The show was being put on at a Minor League baseball stadium about twenty minutes from my parents’ that’s always been the perfect place for pyrotechnics; we used to go there for the Fourth when I was a kid. Until I went to college I came here every Independence Day, first with my parents and Solly, then with a swarm of classmates, and by my last years in high school with guys in their hand-me-down family cars—not watching the show, just using the dark and crowds and noise as camouflage. That was when the stadium was small and dilapidated, with wooden seats, before it was renovated into the slick behemoth it is now.
I led the others into the elevator and we went all the way to the last row, where the view was worst for sports but best for fireworks. It had been a hot day but now a breeze swept up and chilled me; I’d remembered to bring a jacket for Lena, but not one for myself. As we filed along into our seats my arms came up in goosebumps.
Ned would have to work hard to find us, I figured, and of course there was no good reason he should try: no photo op, no obvious prospect of gain. Then again, hounding me seemed to be its own reward. He was always able to trace my movements. And he’d said he was coming.
Tumbling acrobats erupted onto the field, frolicked and ran off again; lumpy costumed creatures ran out next, waggling their top-heavy bodies, possibly cartoon animals connected to a TV show. Tinny pop music blared loudly from a bad sound system to accompany their antics, then mercifully cut off. Vendors of popcorn and glow-in-the-dark novelties moved among the seats; I bought Lena a whistle in the colors of the rainbow.
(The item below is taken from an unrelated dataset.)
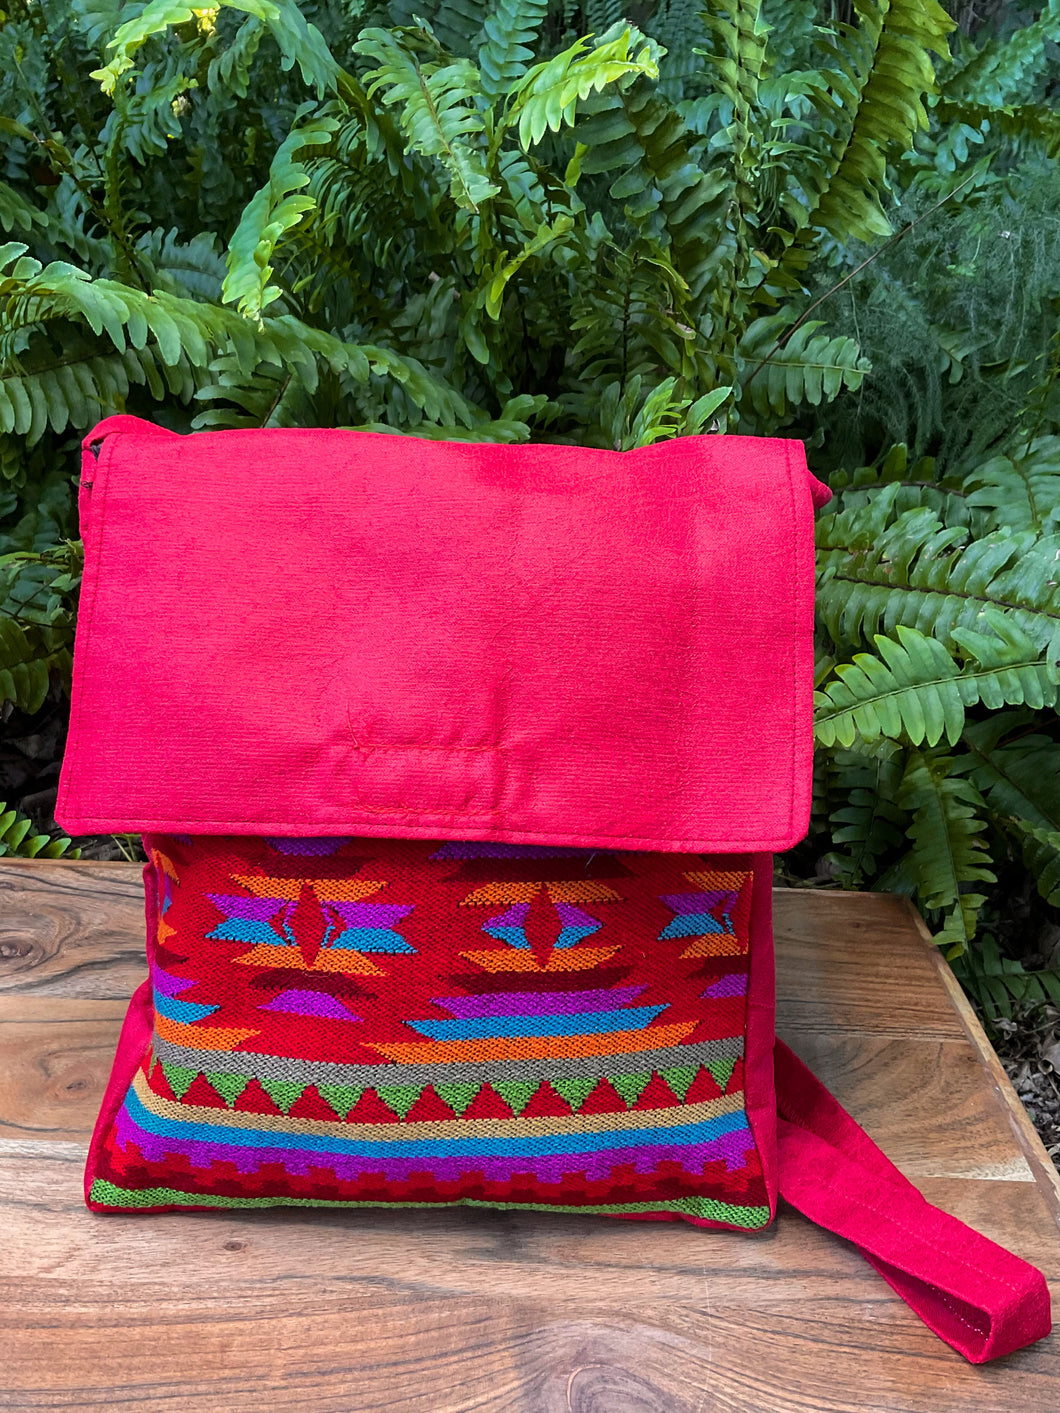 Embroidered Unisex Messenger Bag - Red

Finally the main show started, a local orchestra that tuned up and launched into a jumbled rendition of the 1812 Overture.
Maybe it wasn’t jumbled, I thought, maybe the flaw was in my ear, maybe Ned’s long fingers had twisted even the music that I heard.
Lena bounced off my lap in delight when the first firecrackers shot into the sky. She’d moved along to sit with Main Linda by the time, a few minutes later, her father appeared at the end of our row.
He wasn’t wearing a suit and tie for once; in a jacket and a polo shirt he was strictly business casual. Where was his bodyguard, I thought, his driver, the fake Secret Service guy? There was always one of them at least, but I saw no one near. Maybe they were seated somewhere, hidden in the crowd.
I moved out toward him instantly, exactly as though I wanted to be in his company and sought it out—and I did want to, I wanted nothing more than to reach him at that moment. Instead of a rush of adrenaline or heavy dread it was a stolid calm that guided my progress; I barely noticed the guests as I inched myself along between their jutting-out knees and the seatbacks in front of us. It was almost romantic, as though, beneath the falling pink stars and showers of green, there was no one anymore but Ned and me.
Stepping onto the catwalk I remembered parking with a boyfriend senior year, just a few steps from the stadium wall. I knew the moldy smell of the seats in his car, the lacy brown rust along the bottom of the doors, and how we’d thought of the fireworks as our soundtrack—the world was about us. We were sure of that as we made out, moving in the darkness of the car with our long, lean arms and legs bound up in each other, that soft skin tingling over the curves, thrilled by the conviction that this here, this was the only and the all. There was no question, then, that the world had been created as our scenery.
That was the bliss of being young, the pure egoist joy. But if you get old and don’t grow out of it, I thought, looking up at my husband, you are ruined.
Maybe he’d never had a chance for that. Maybe he never had that kind of youth. Maybe he could only feel it now.
I leaned in as though I wanted to kiss him, and though I don’t think he believed or wished for that anymore he must have been surprised for a moment. He’s always assumed I’m harmless, pathetically harmless, and that gave me a couple of seconds’ grace to slam my hands against his chest. I was feeling nothing for him then but a pity that stretched all the way back to his childhood, all the way back to before he was him.
At the second of contact I saw how the guests had been drawn together, dots gathering around a node or birds flocking to a flyway. I saw Ned and his ominous host converging on us like a machine army—even the child in the subway train, even the air in the tires of my car, even the fire that had burned the house, all these were his armaments. I saw in every granule and wave how my husband’s power had seemed impossible, how it had borne the sheen of dark magic for me but was constituted of energy, energy subverted.
And when the heels of my hands came off him again, the images faded.